Monday, September 25th, 2006

One of the committees that I’m currently serving on has been charged with coming up with an end of year event display event for School of Print Students. This type of event, in theme, if not form, is pretty common across the College of Imaging Arts and Sciences. For example, each year all the students and faculty members in the film department gather together and watch every student’s final project. Likewise most of the other arts have gallery exhibitions or studio walk throughs.

All of the above focus on an end product. But what is the end product of print? It’s easy to focus on the created artifact. But that often is reduced to concerns about the item’s graphic design. That focus is completely inappropriate for printing students – if for no other reasons that they are not training to be graphic designers. Arguably, the final products could be evaluated on choice of media and production aspects, but many of these factors are controlled by the assignments.

Frank Cost noted these problems with judging print production at the beginning of the chapter “The value of print” in his book The New Medium of Print (Cost, The New Medium of Print, 2005: pp95-7).  Cost reminds us that most printing industry awards are based on the quality of the final project rather than intangibles such as “was the job delivered on time? Was the customer please with the service? Did the product deliver the anticipated value to the customer?” (Cost: p95).

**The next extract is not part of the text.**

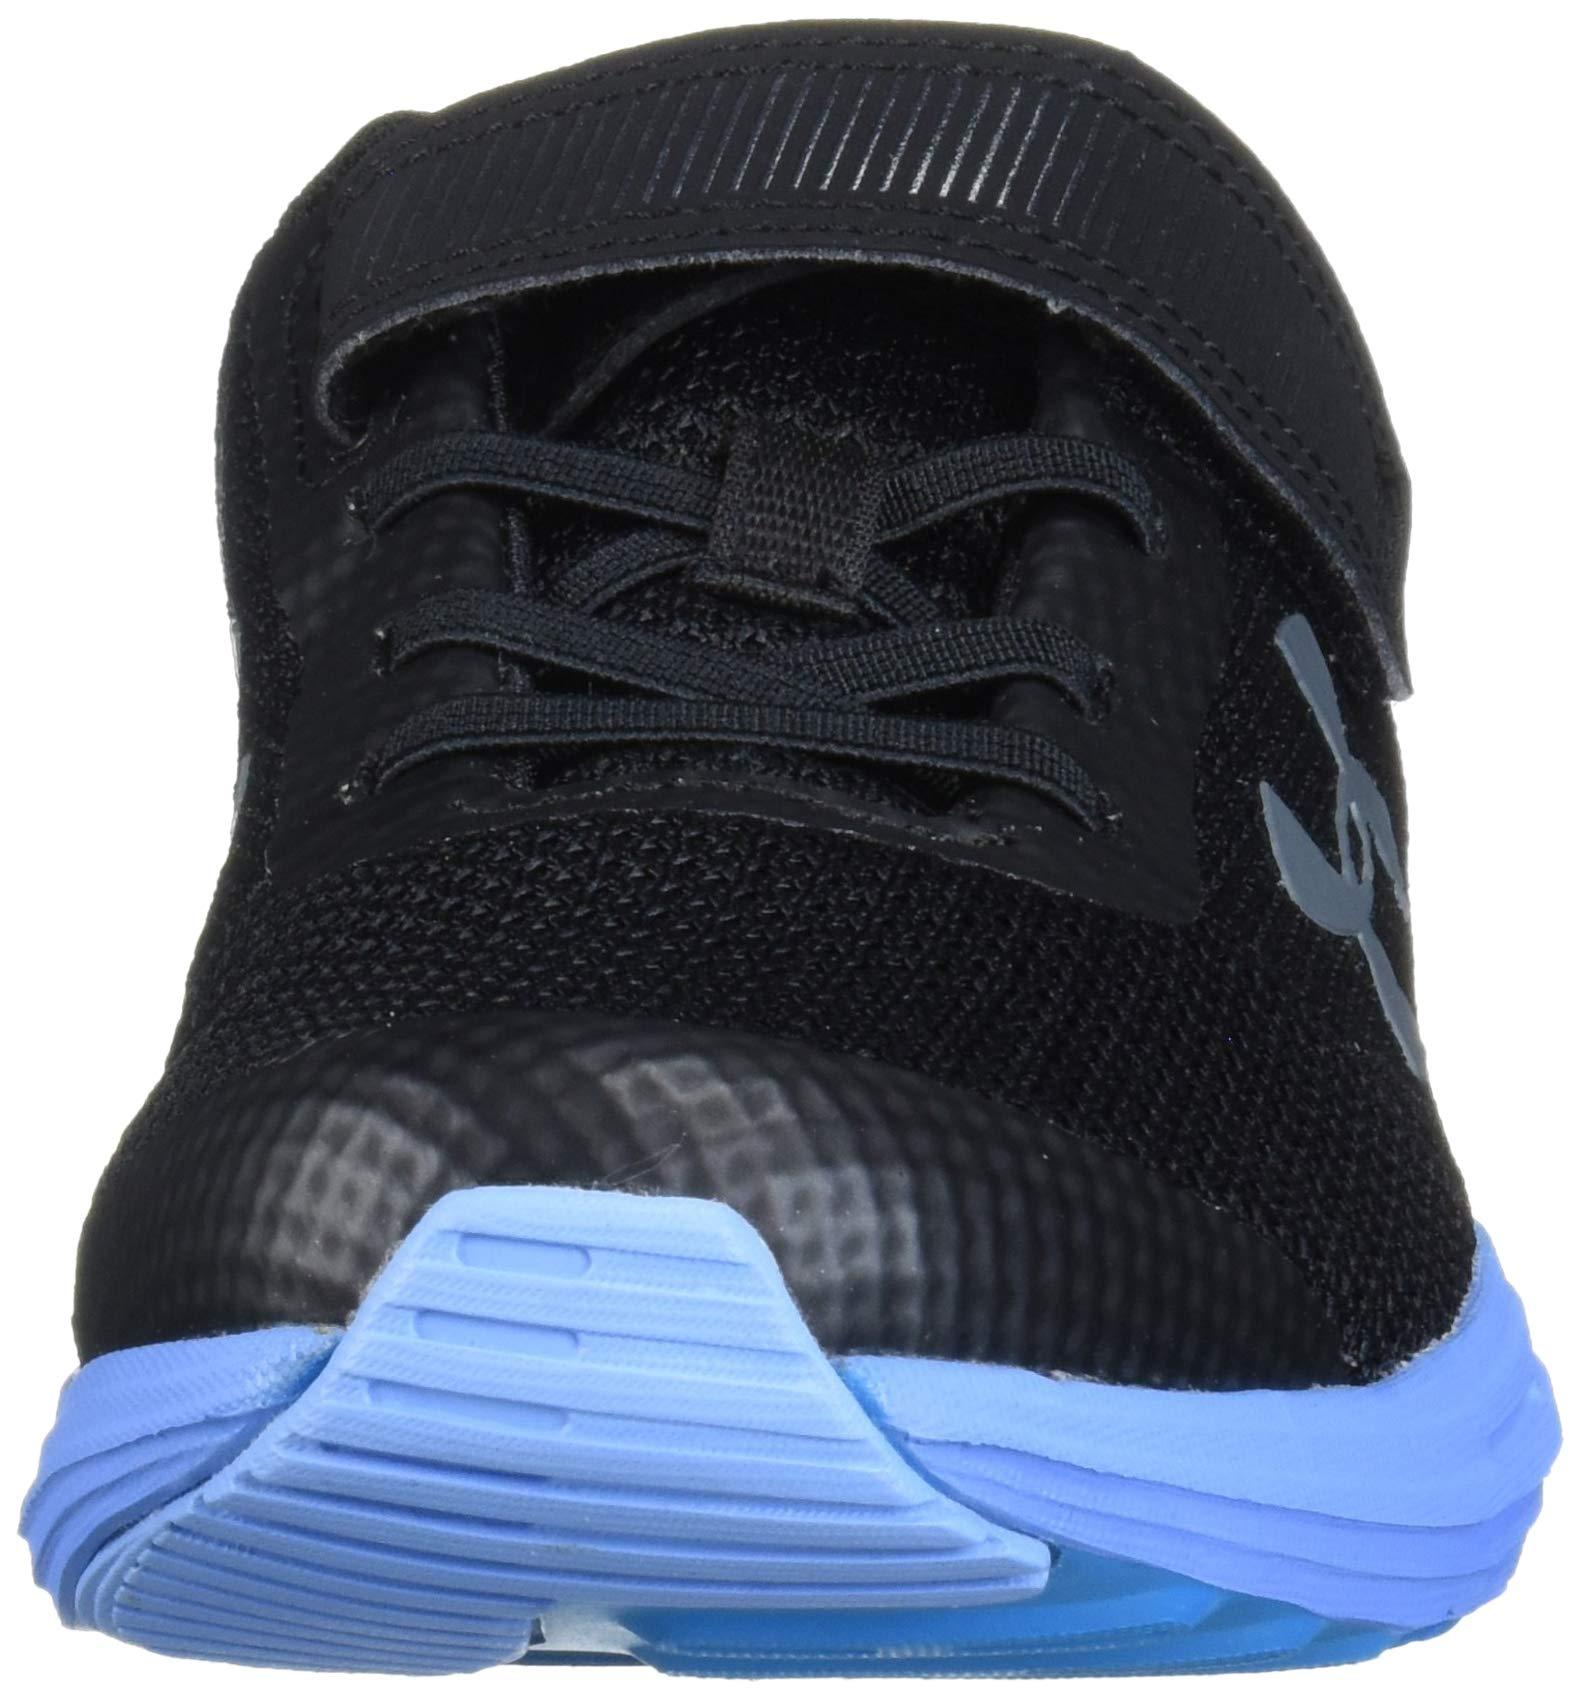 Under Armour Boys Pre School Surge Rn Alternate Closure Sneaker 3020485

Cost goes on to suggest that while print quality is important, it’s also assumed. Thus, companies differentiate themselves on those other vectors. Likewise, our students are judged on far more vectors than simply “did the job print” and “is it pretty?” The challenge that we face is choosing a method of display that brings those intangibles to light.

The benefit, pedagogically, is that finding a method to display the intangibles serves to make the students more aware of their existence – that, as Martha says, “is a good thing.” The question is, what method is best?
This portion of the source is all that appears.